In the case of an AWS outage, the team has stated that their fallback plan would be to expose their private servers to the public internet. However, in this scenario with no autoscaling in place outside of AWS, this does expose the service to DoS attack.
The validator nodes in the data centers use an HSM, YubiHSM2, to sign data. Custom code cannot be run on the HSM, eliminating hardware double signature protection. Their HSM is coupled with Tendermint’s KMS set up on a separate server that offers software based double signature protection.
The HSM is only accessible to the same individuals who can access the server rack in the data center.
As outlined earlier, the data center is secured from unauthorized entry. The validator nodes are also not exposed to the internet and are layered behind sentry nodes. Even if an individual was to find the address of the validator node, firewalls exist to prevent access.
When asked, the team provided some areas of improvements for their validator service.
- Implementation of a multi-cloud architecture to mitigate the single point of failure and cloud provider redundancy.

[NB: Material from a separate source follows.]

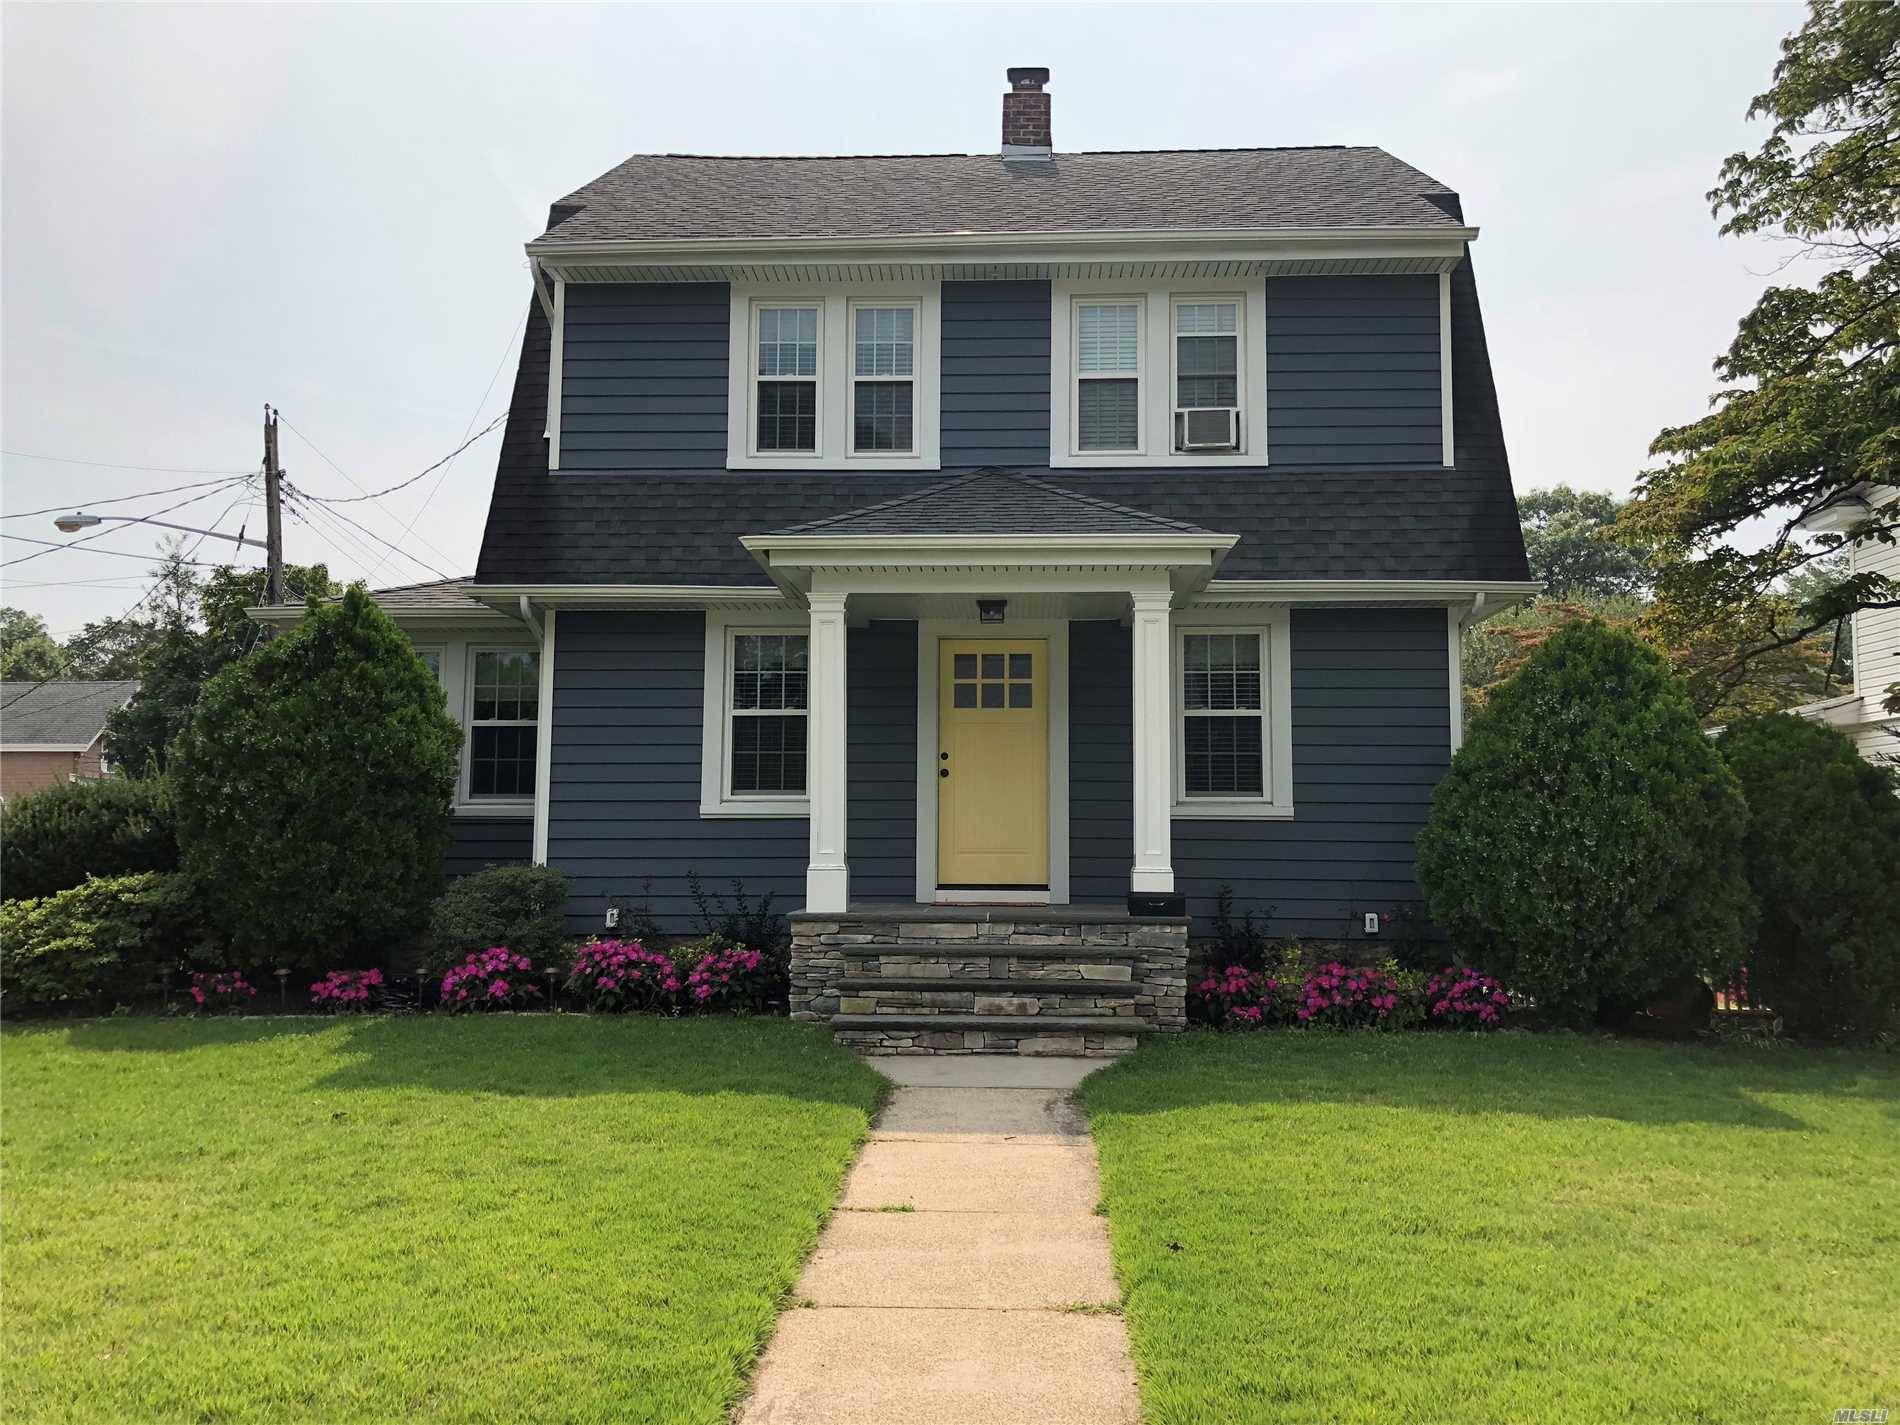 Move In Ready 3 Bedroom 2 Bath Colonial In The Hart Of Rvc With Low Taxes.

- Automated failover with their co-located validator nodes. The team notes the risk and difficulty of a safe implementation given the comparative consequences for double signed block versus temporary downtime. For example, with the current rules in the Cosmos network, a validator would have to miss 95% of blocks in a ~14 hour time period to receive a 0.01% penalty. This is more than sufficient time to conduct a manual failover if a validator node experiences downtime. Comparatively, there is a 5% penalty for double signing a block which can mistakenly occur due to a bug in an automated failover mechanism.